§ **Activity**
Nothing but the text should be carried over: reproduce all the data exactly and leave out every image.

§ **Supplied data**
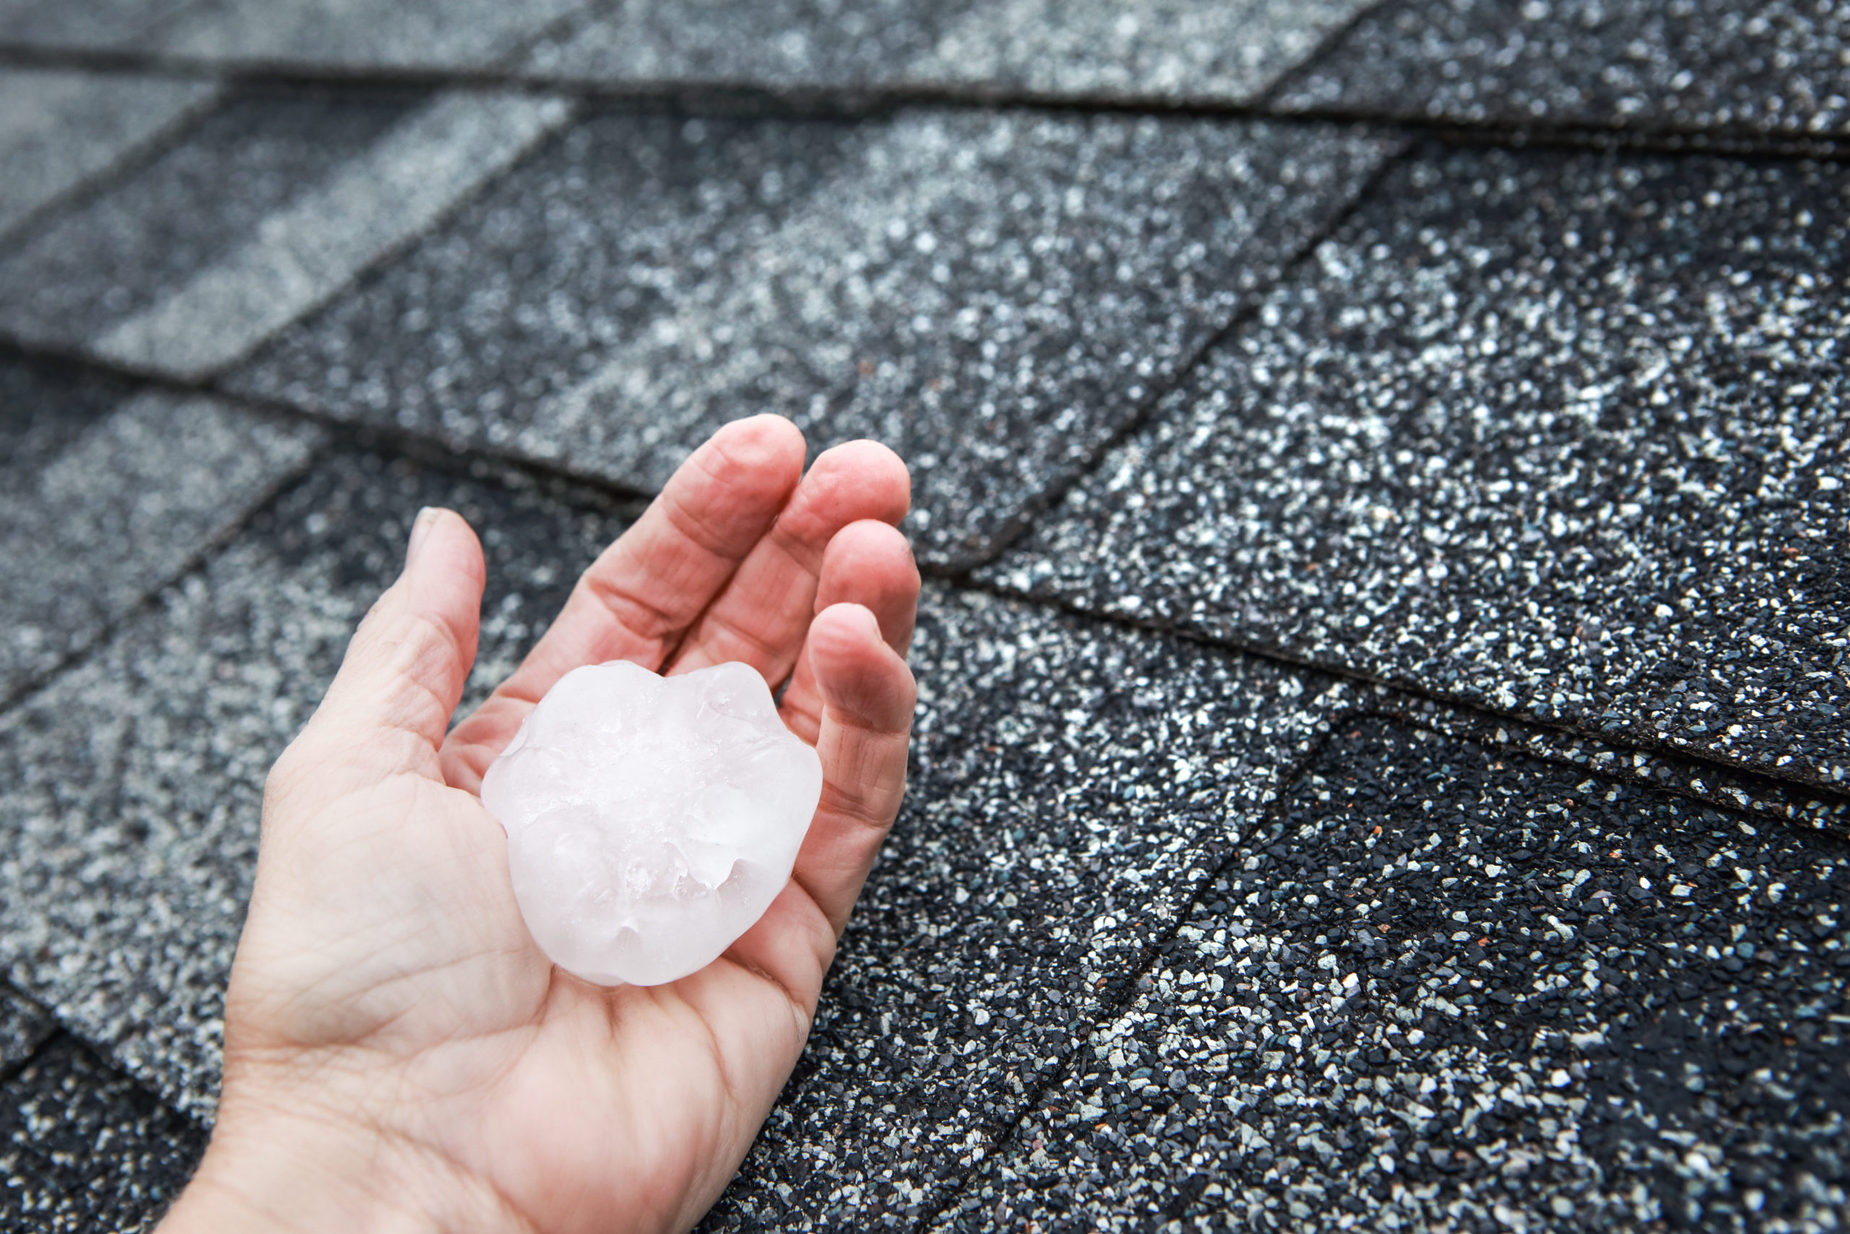 Hail damage can cause a lot of issues with your roof and siding, we'll help you weather the storm when it comes to repairs and insurance claims.
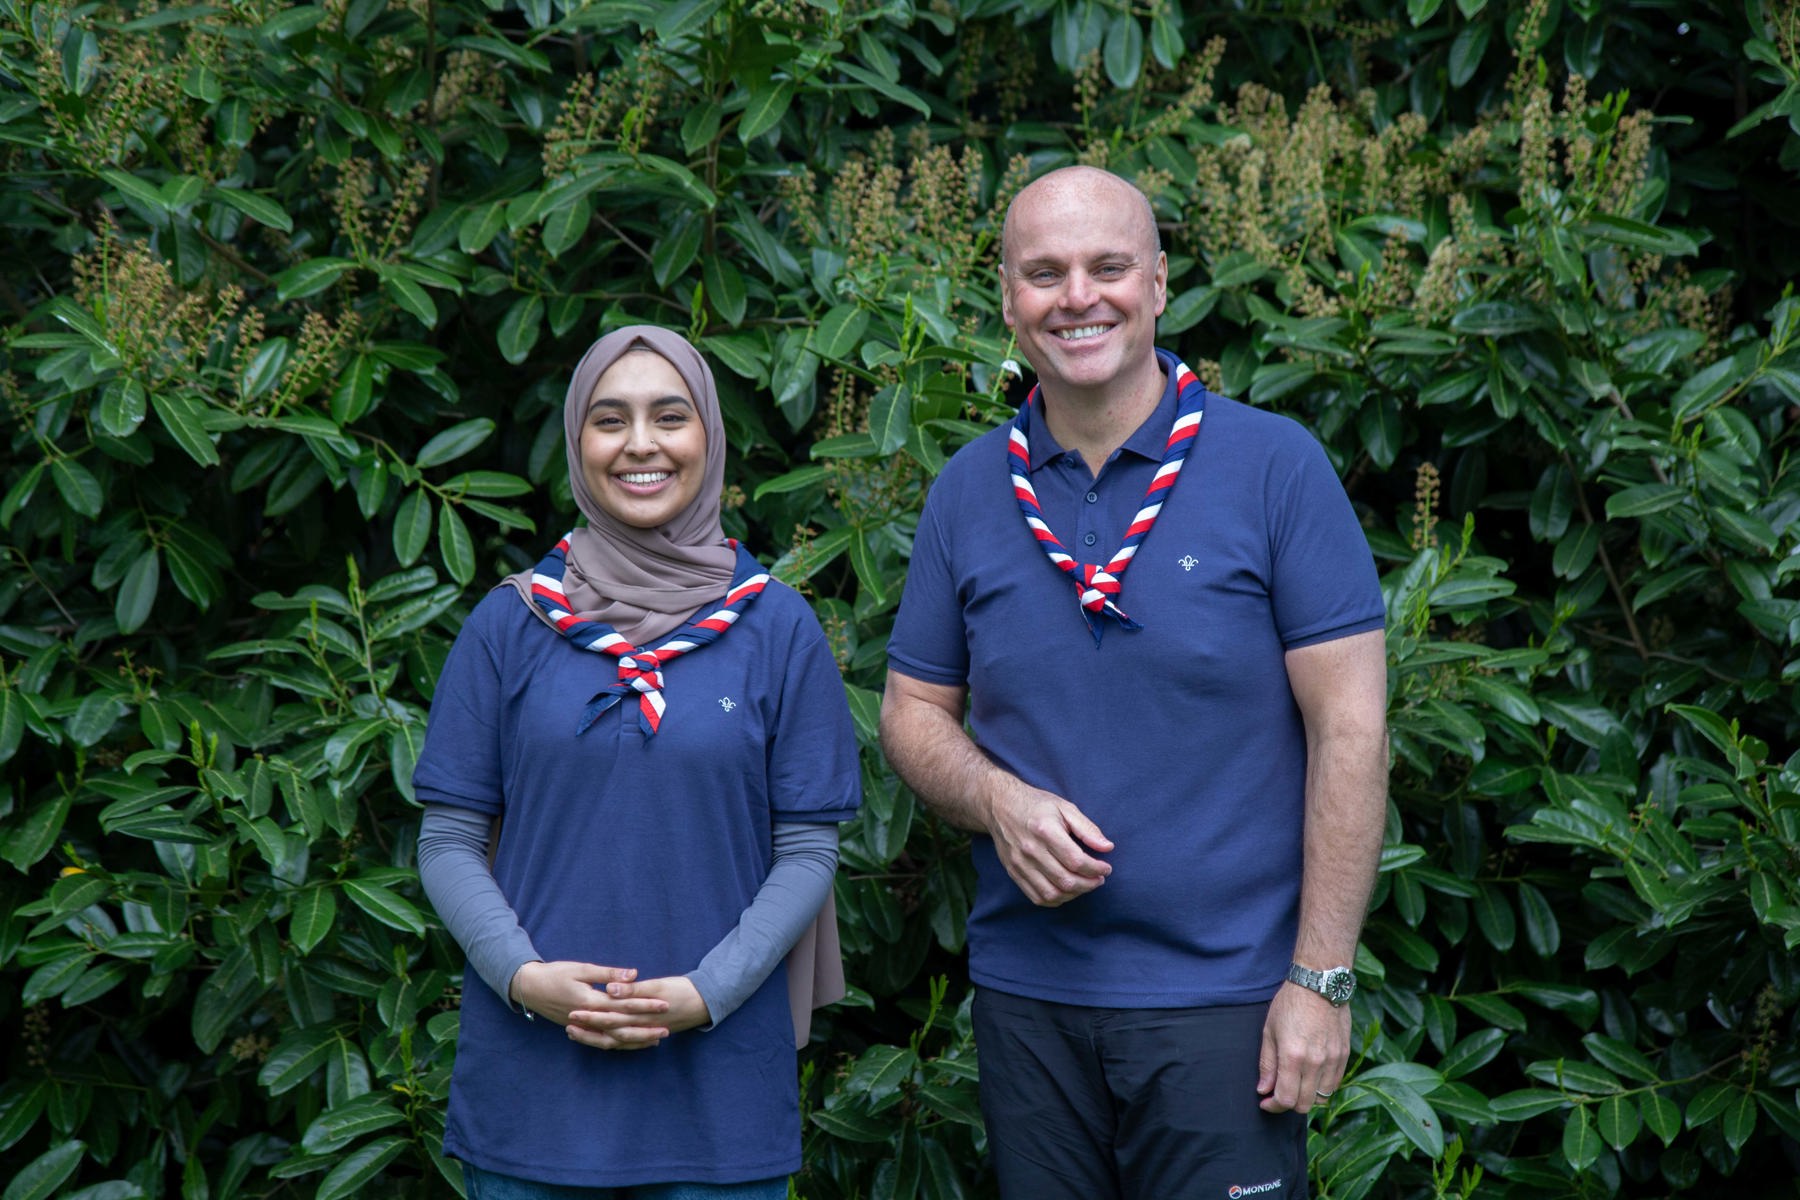 Ayesha and Carl wearing Scouts polo shirts and neckers, standing in front of bushes, smiling at the camera
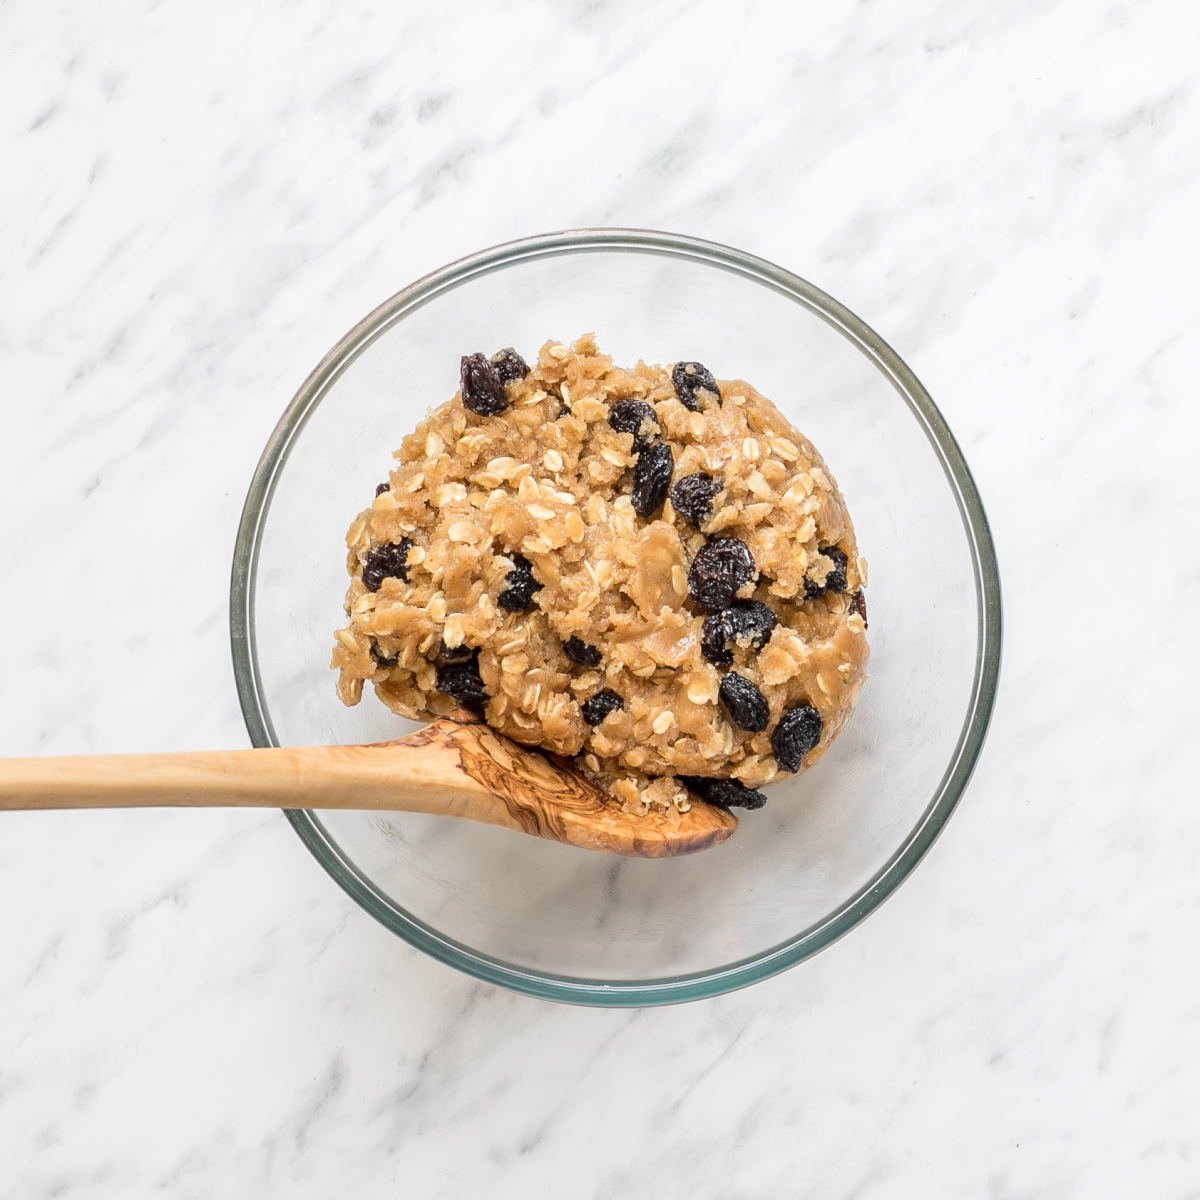 A glass bowl with a light brown cookie batter with oats and raisins.

§ **Exercise answer**
 Hail damage can cause a lot of issues with your roof and siding, we'll help you weather the storm when it comes to repairs and insurance claims.
 Ayesha and Carl wearing Scouts polo shirts and neckers, standing in front of bushes, smiling at the camera
 A glass bowl with a light brown cookie batter with oats and raisins.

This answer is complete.